I’ve written like 30 versions of this post. They all start with “I effing loved Krakow, I’m probably moving there, real sorry parents/boss/plants” and then they deteriorate into some made-up story about a juggler throwing his underwear at an accordion trio, which makes no sense and isn’t entertaining, even in my brain.

Truth is, nothing particularly exciting happened in Krakow. I hung out, I saw some stuff, I met some people.

Other than hanging out with Anna and Bibhu (who are both amazing) and eating my weight in soup (which was also amazing), the most story-worthy thing I experienced there was that I spent a good deal of time awkwardly chatting with my ex-husband’s doppelgänger*, who was staying at my hostel and was always sitting right next to the only power outlet in the place. “Wanna charge your phone? Gotta talk to your ex-husband for a couple of hours. Or at least a guy who looks and talks and moves and is supertall just like him.”

*He was real cool, don’t get me wrong. Totally enjoyed talking to him. Not that my ex-husband wasn’t real cool – he was. Is. He’s still alive. I’m shutting up about my ex-husband now, this is getting awkward. Back to Krakow.

It was nice there, ya know? Really beautiful. And chill. And maybe the sliiiightest bit grimy.

*By grimy, I mean I watched a man poop on the sidewalk while yelling** at me.

**I think it’s important to clarify that he wasn’t yelling at me BECAUSE I was looking at him. He was yelling at me SO THAT I would look at him.

For some reason I can’t explain, I just totally freaking loved it*.

*Krakow, not the pooping guy.

I’ve been thinking a lot about why I loved it so much, and I think it has something to do with the history of the place. It’s hilarious that I just wrote that, because up until like two weeks ago, I didn’t actually know the history of the place (thank you, Mesquite Public Schools). But apparently the city has had a rough go of it in the past 70 or so years – Hitler and all that*. And it’s still sort of there, I think. You can kinda feeeeel that some bad type of craziness went down there.

*In case you also went to Mesquite Public Schools, Krakow is like an hour from Auschwitz. A really, really bad type of craziness went down there.

It’s like – you know how sometimes you meet someone and you can just tell they’ve been through the shit? Like on the surface, they’re all, “Yeah, cool, welcome to Poland, look at this stuff you can buy at our big market.”

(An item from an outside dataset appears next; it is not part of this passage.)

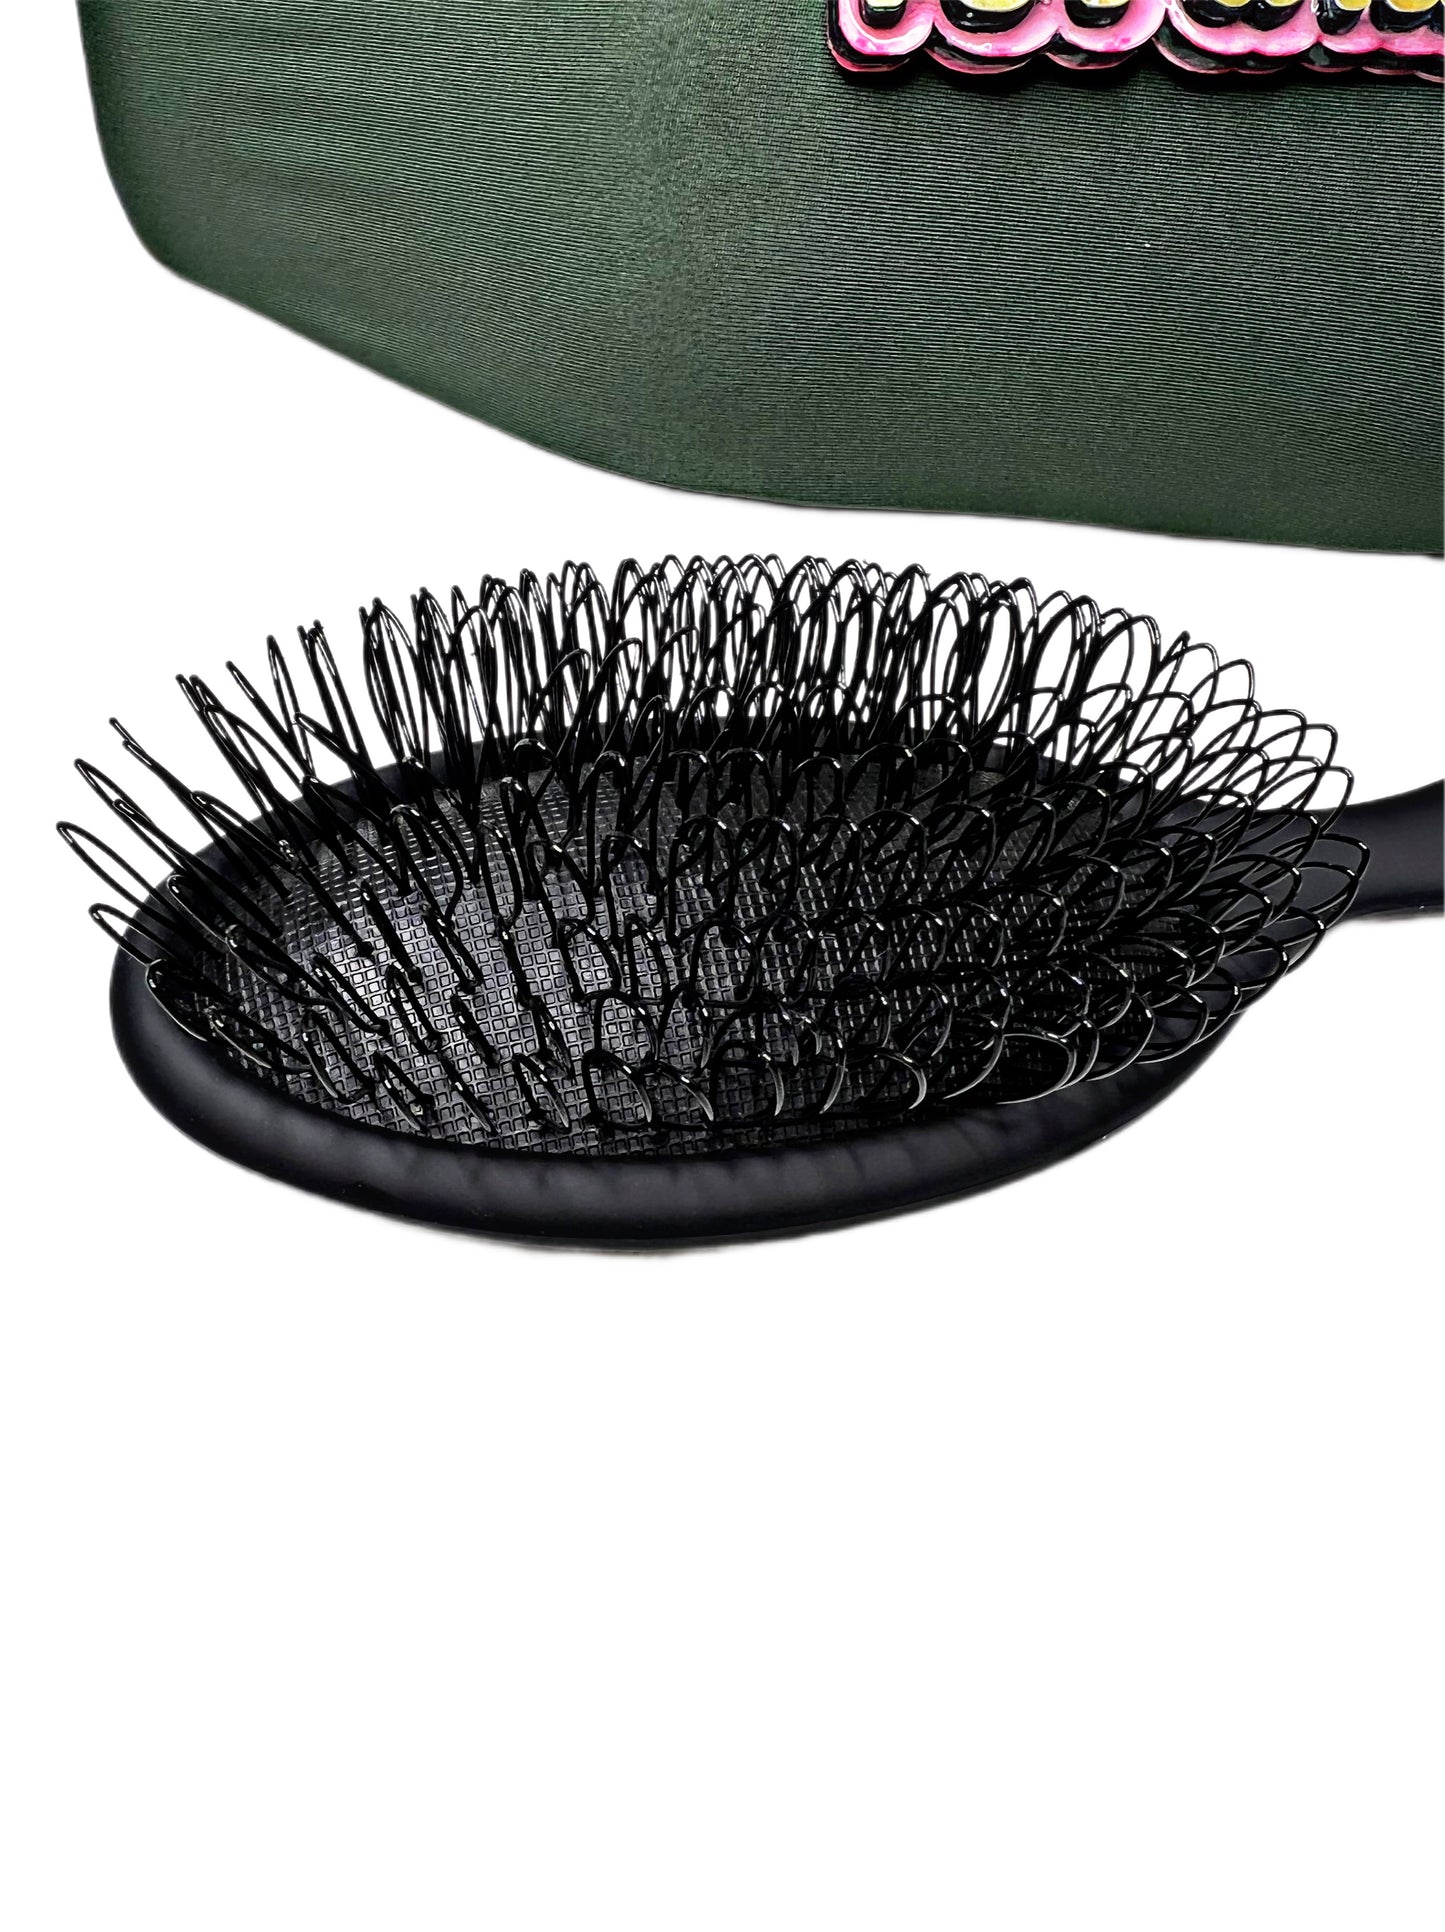 Loop Brush For Synthetic Wigs

But the subtext is “We wish we weren’t stuck selling this crap to rich American jerks like you. Also several of my relatives were slaughtered for zero reason, and we both know that’s the only reason you came here.” Except they’re totally nice about it and instead of saying that, they bring you a bowl of borscht that makes you want to slap someone, it’s so good. And then also a plate of pierogis and these potato pancake things and some sort of plumb tea concoction and the WHOLE THING only costs like $3, total, I’m not joking.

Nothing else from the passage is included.